Probability, prediction and verification I: Uncertainty

I'm going to spend some time addressing some issues in probabilistic climate prediction which have been bouncing around a few other blogs lately. I'll start with a comment about uncertainty.

Uncertainty can be broadly split into two categories: aleatory, and epistemic. The former is the sort of irreducible randomness that cannot be reduced by improved measurements, such as the outcome of a (mythical?) "fair coin toss", or the time to decay of a radioactive atom. The latter is the uncertainty that relates to our ignorance of the system, be it due to limited observations, a lack of understanding or approximations and errors in our models. We can reasonably hope that this uncertainty can be reduced by increasing our knowledge in various ways.

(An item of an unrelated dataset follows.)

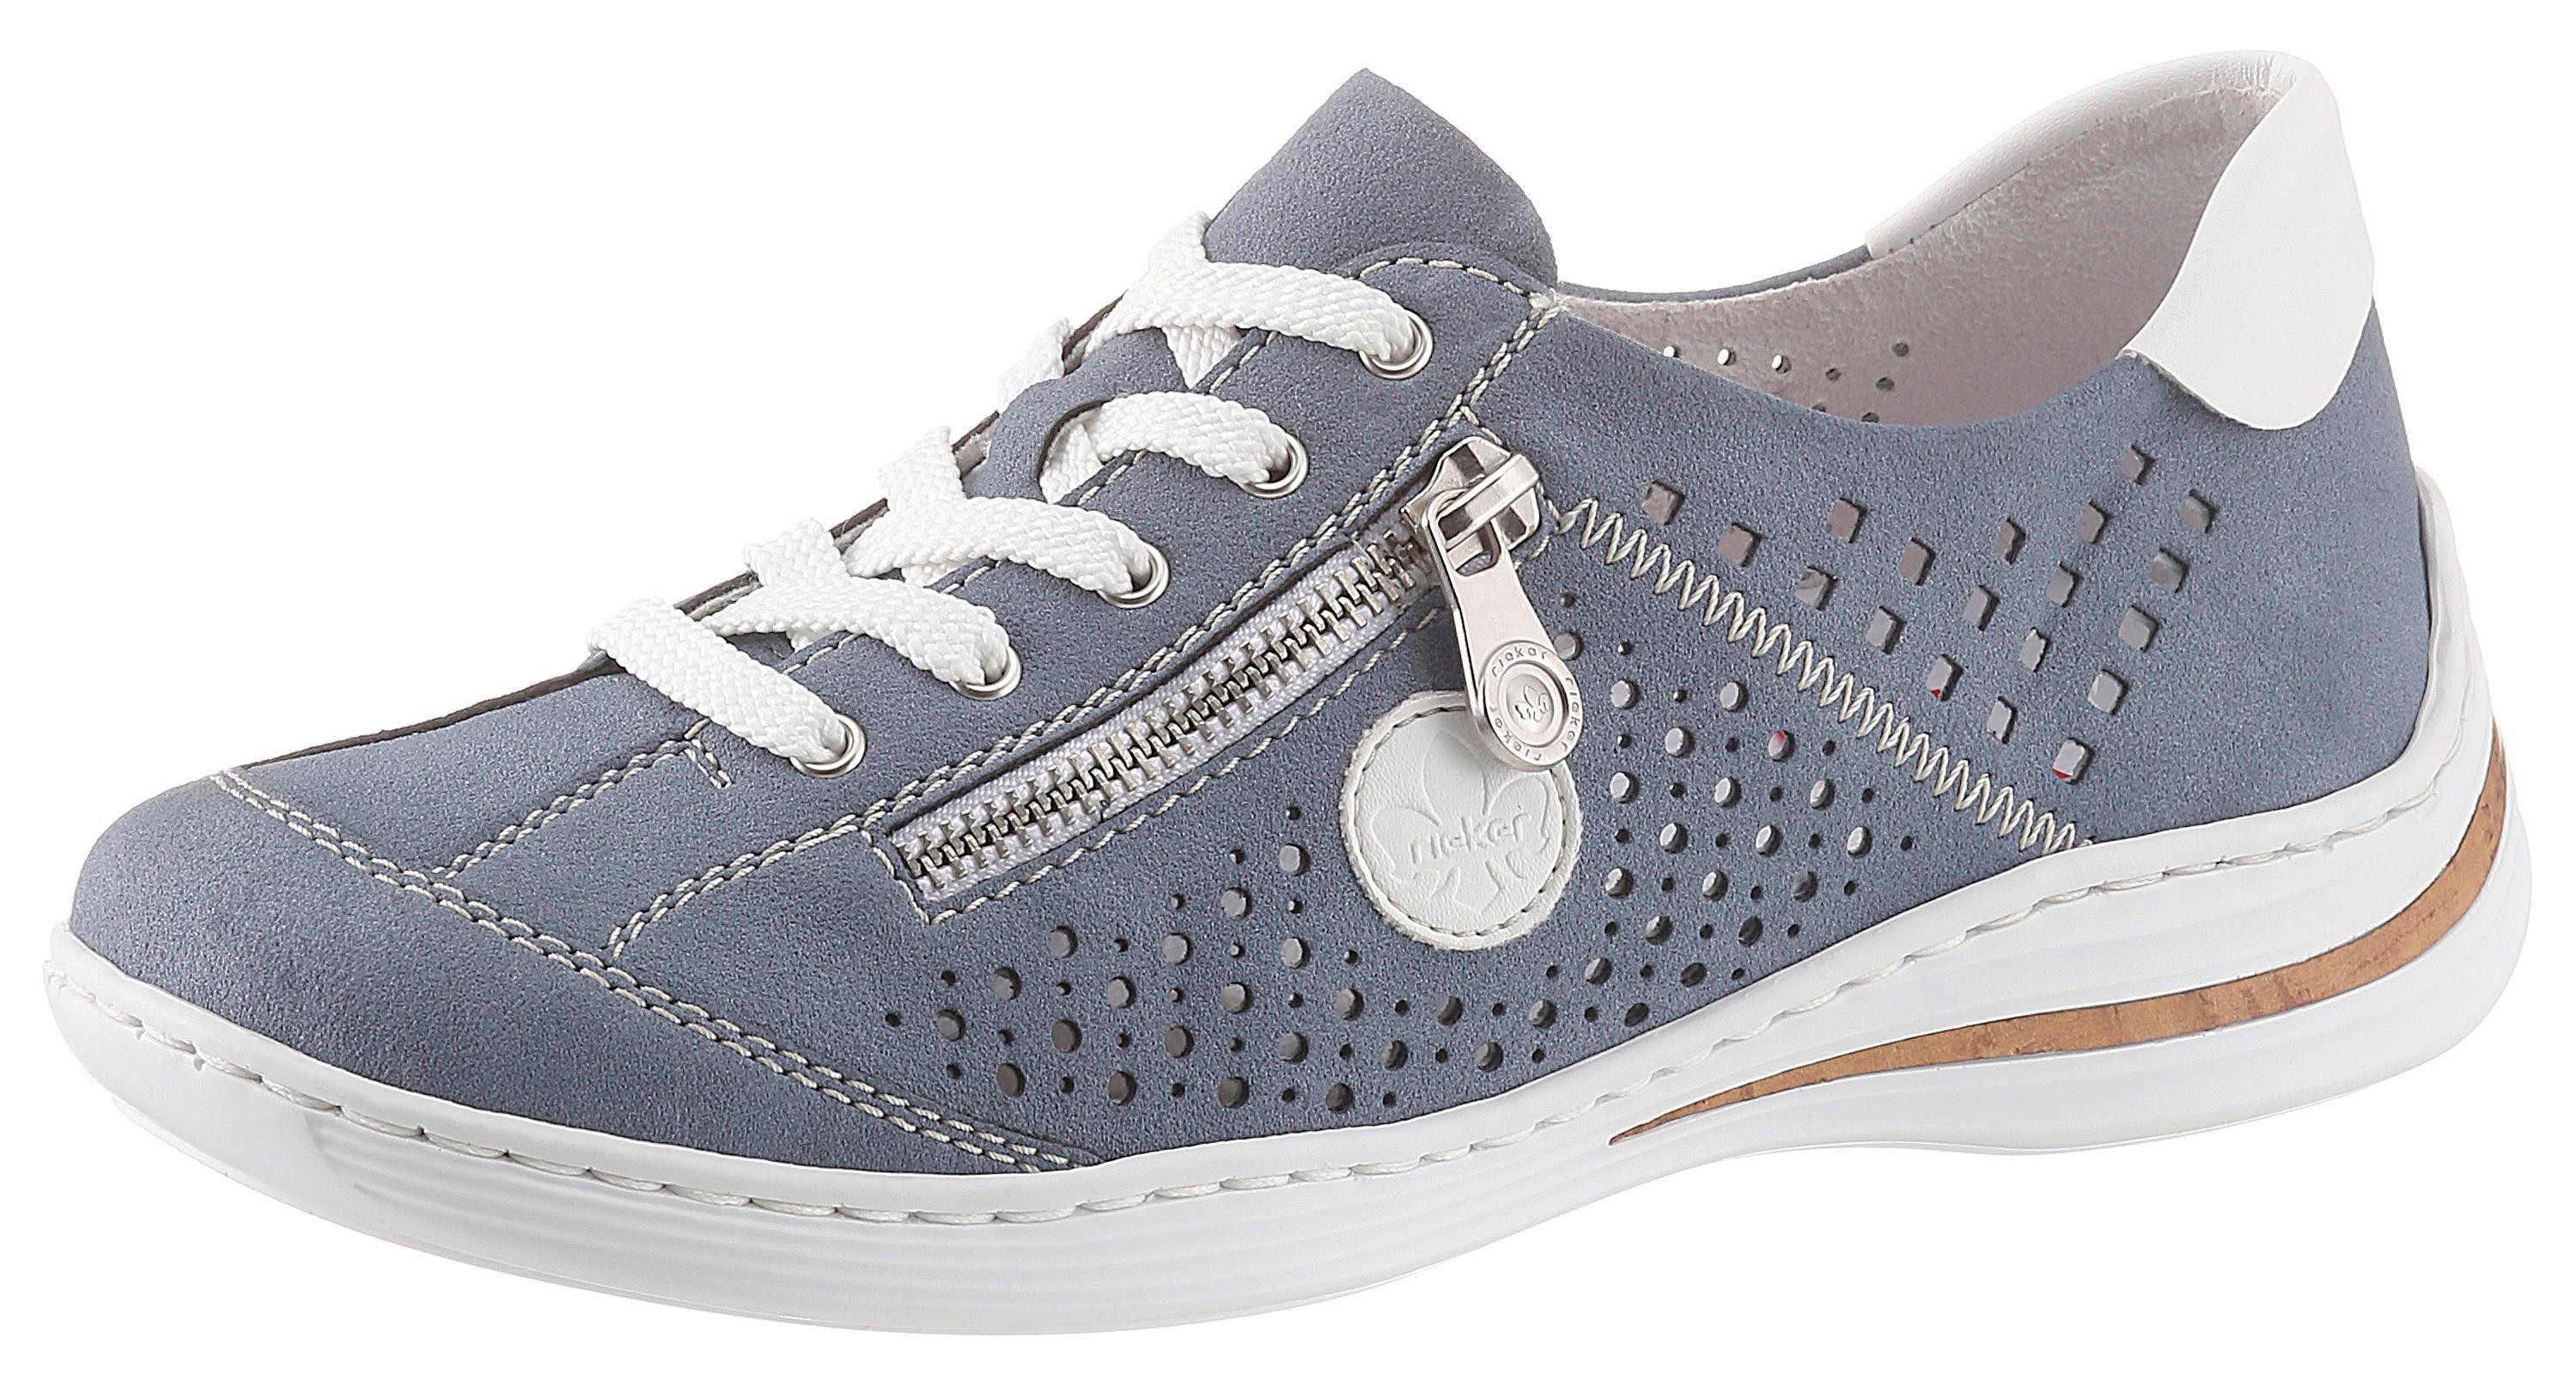 Rieker Sneaker mit seitlichem Zier Reißverschluss | OTTO

Almost all elementary probability theory is presented in terms of the frequentist approach - random coin tosses, or repeated samples from a well-defined distribution, or similar. In practical problems, however, almost all our uncertainty has an epistemic component. Even the fair coin toss could perhaps be predicted, if one observed the initial trajectory with sufficient precision. In fact it might not be too much of an exaggeration to say that aleatory uncertainty is limited to maths problems such as describing the pdf of the number of heads in 10 tosses of a fair coin. Epistemic uncertainty, in contrast, is near-ubiquitous. For instance, what is climate sensitivity? Obviously this is not an intrinsically random variable - merely an imperfectly known one.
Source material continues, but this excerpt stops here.